--- DATA EXTRACT Enclosed Below ---

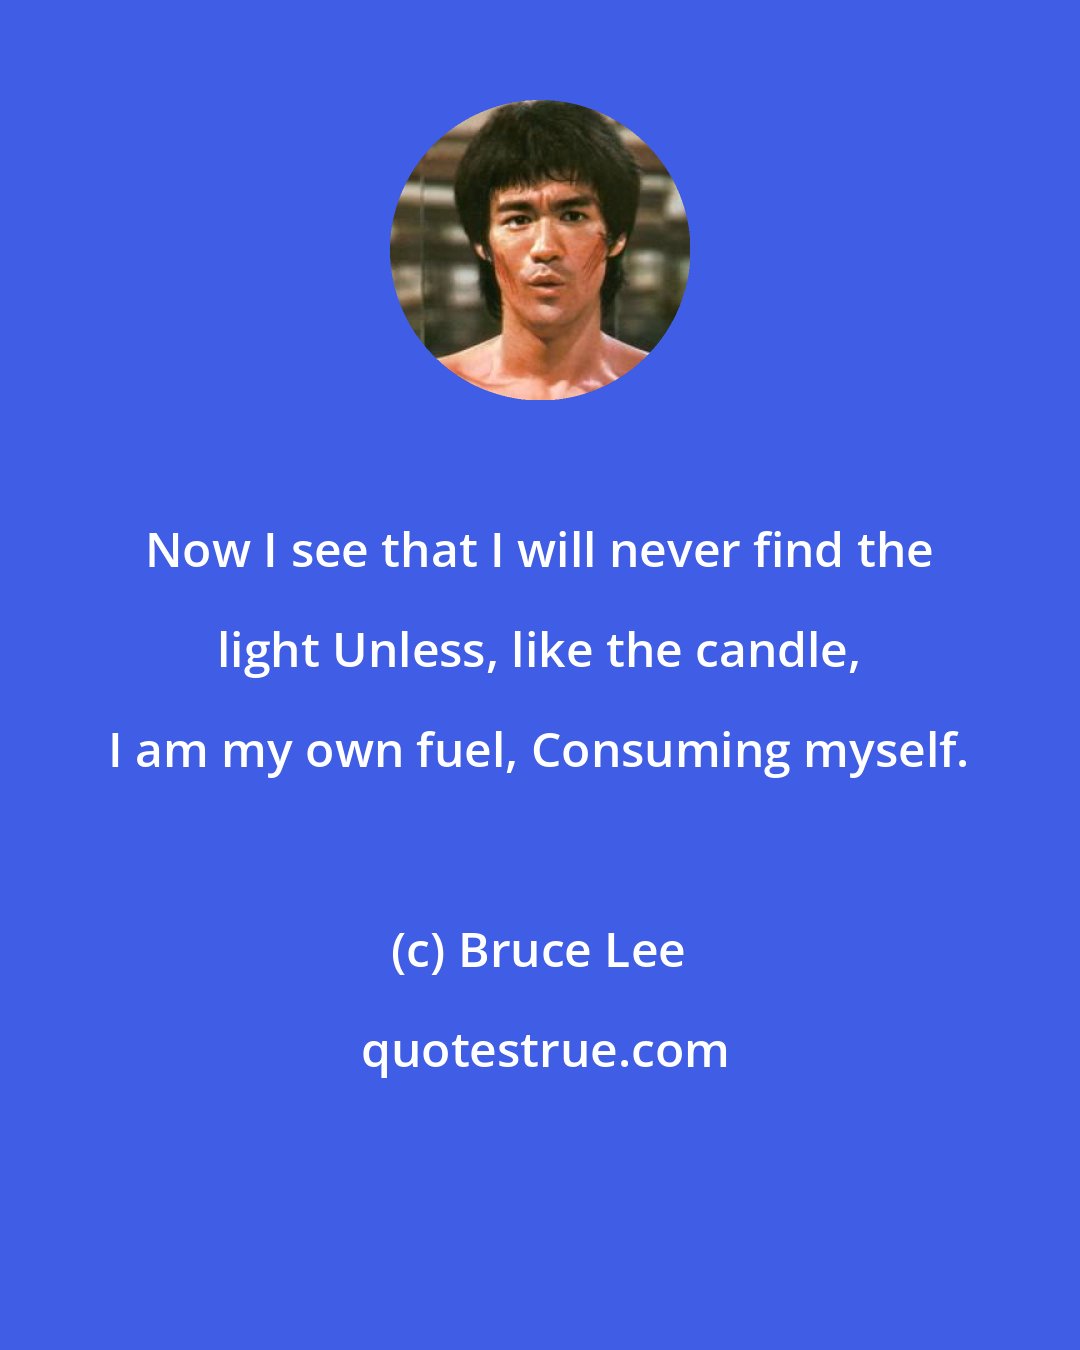 Bruce Lee: Now I see that I will never find the light Unless, like the candle, I am my own fuel, Consuming myself.
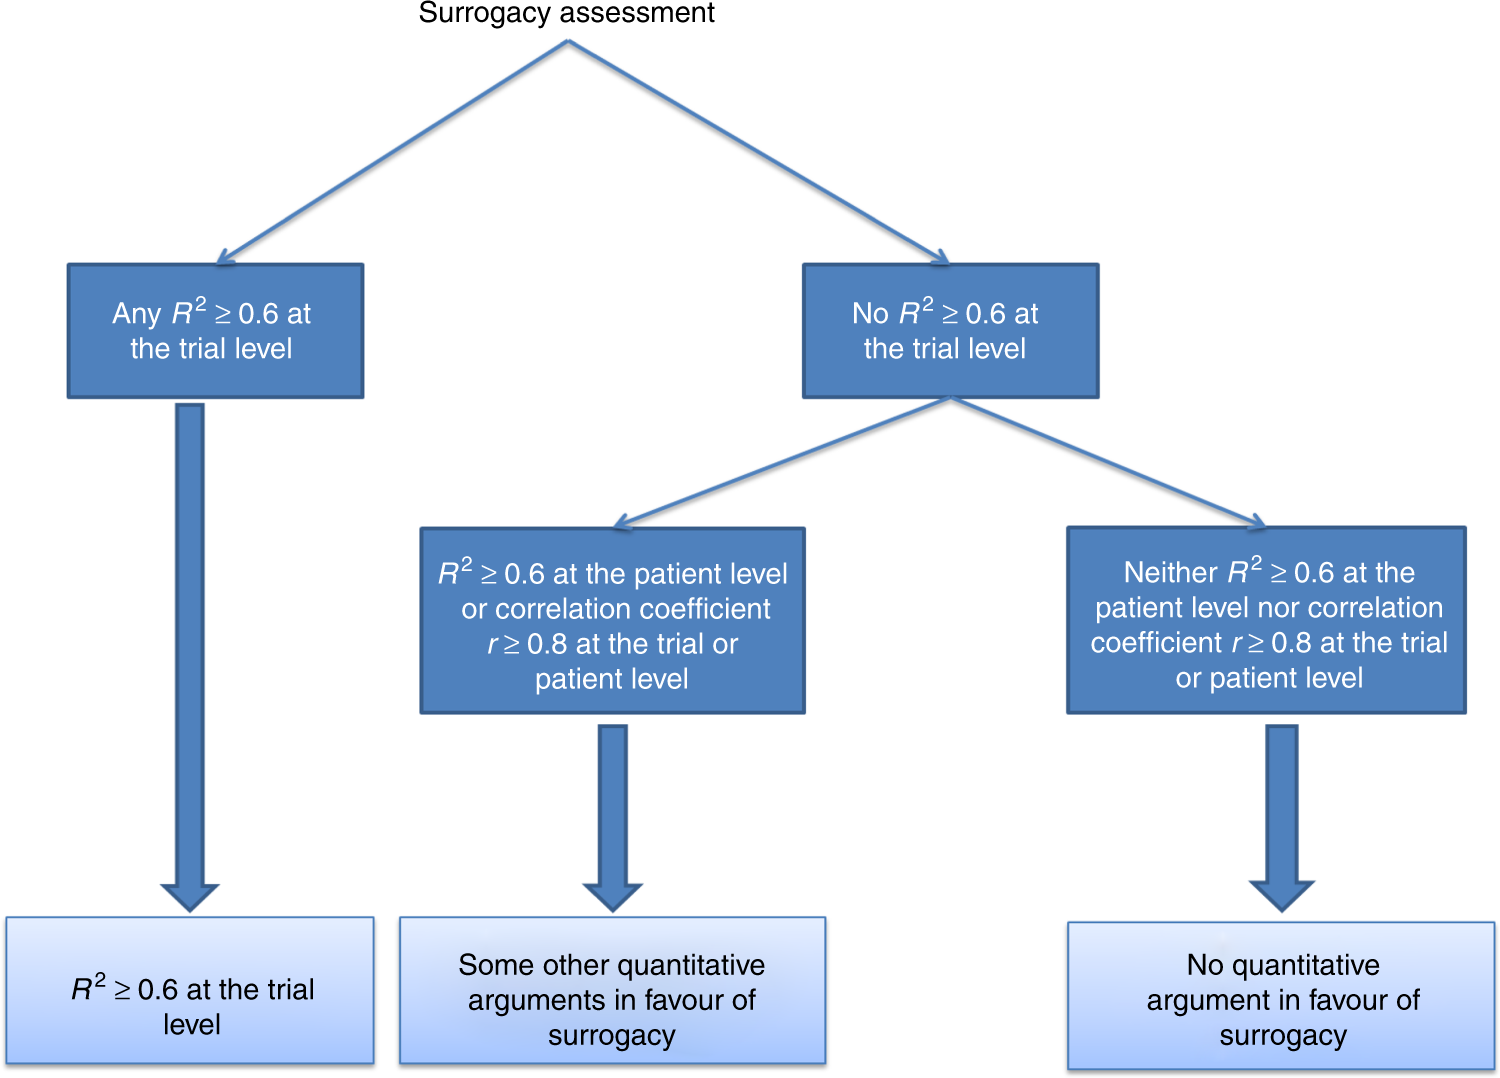 Progression-free survival as a surrogate for overall survival in oncology  trials: a methodological systematic review | British Journal of Cancer
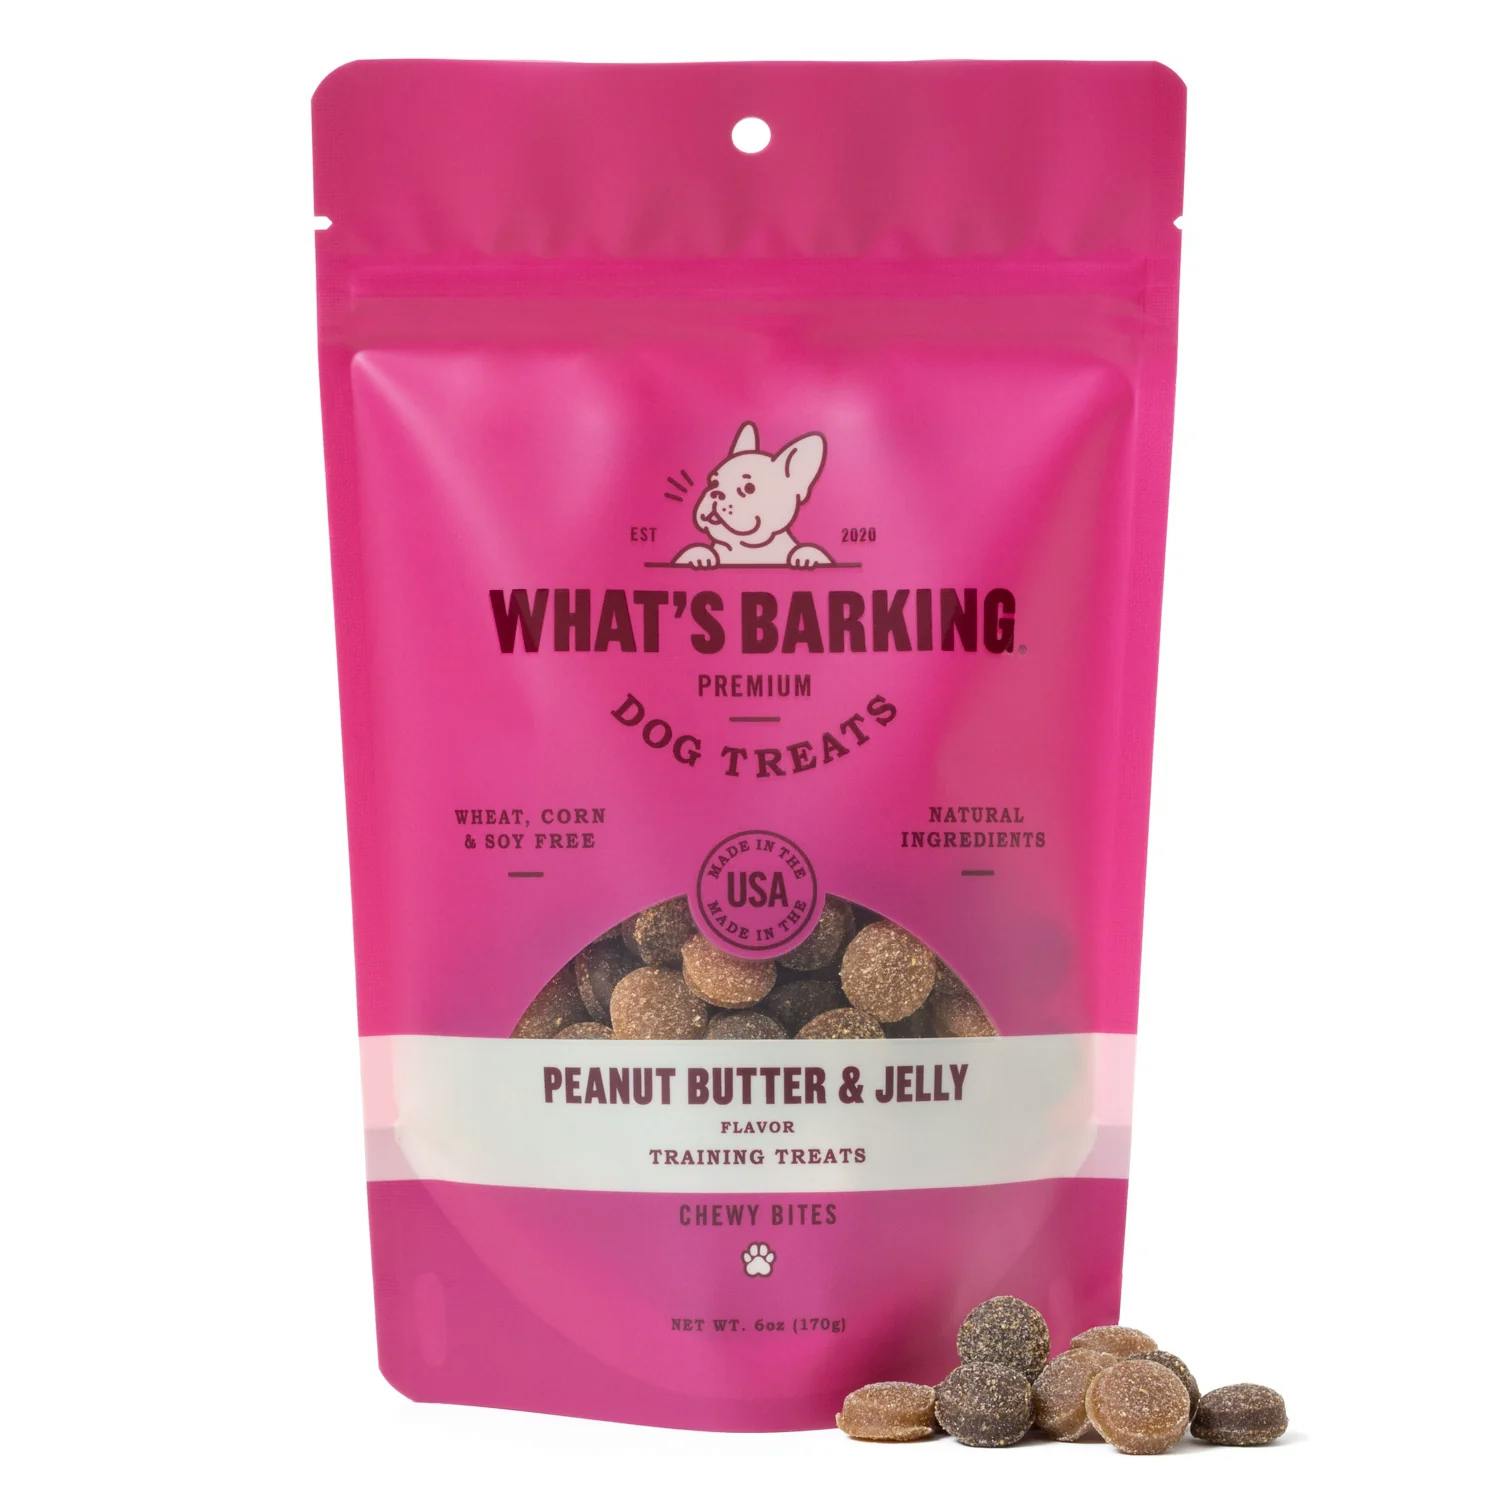 What's Barking Peanut Butter and Jelly Chewy Training Treat - Image 1

--- End of Enclosed DATA EXTRACT ---

Repeat every line above exactly, minus the pictures.

_EXERCISE RESPONSE_:
 Bruce Lee: Now I see that I will never find the light Unless, like the candle, I am my own fuel, Consuming myself.
 Progression-free survival as a surrogate for overall survival in oncology  trials: a methodological systematic review | British Journal of Cancer
 What's Barking Peanut Butter and Jelly Chewy Training Treat - Image 1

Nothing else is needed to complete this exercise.